Brunello is the name of the local Sangiovese variety that is grown around the village of Montalcino. Located south of the Chianti Classico zone, the Montalcino range is drier and warmer than Chianti. Monte Amiata shields the area from the winds coming from the southeast. Many of the area's vineyards are located on the hillsides leading up towards the mountain to elevations of around 1640 ft though some vineyards can be found in lower-lying areas. The wines of northern and eastern regions tend to ripen more slowly and produce more perfumed and lighter wines. The southern and western regions are warmer, and the resulting wines tend to be richer and more intense.

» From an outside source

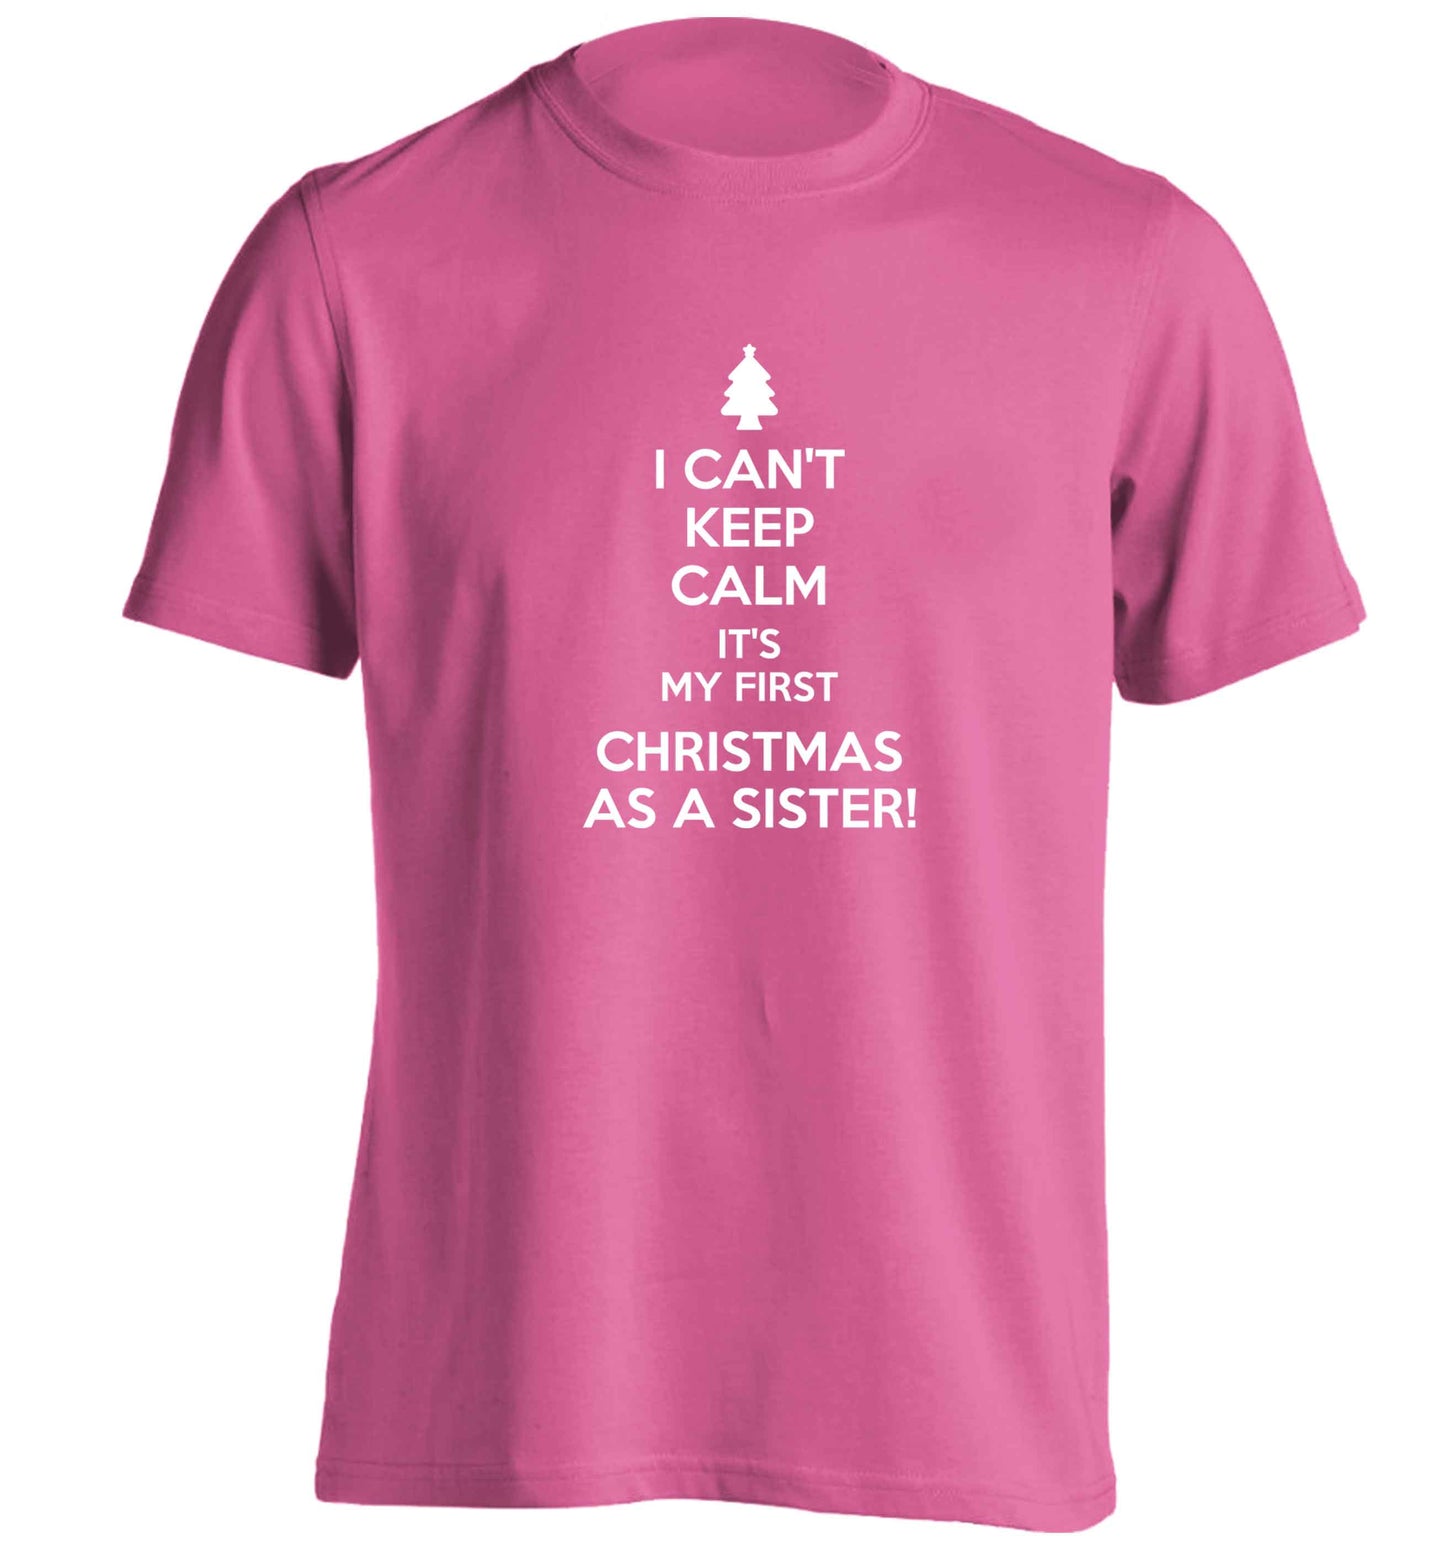 I can't keep calm it's my first Christmas as a sister! adults unisex pink Tshirt 2XL

The Brunello variety of Sangiovese seems to flourish in this terroir, ripening easily and consistently producing wines of deep color, extract, richness with full bodies and good balance of tannins. In the mid-19th century, a local farmer named Clemente Santi is believed to have isolated the Brunello clone and planted it in this region. His grandson Ferruccio Biondi-Santi helped to popularize Brunello di Montalcino in the later half of the 19th century. In the 1980s, it was the first wine to earn the DOCG classification. Today there are about two hundred growers in the Montalcino region producing about 333,000 cases of Brunello di Montalcino a year.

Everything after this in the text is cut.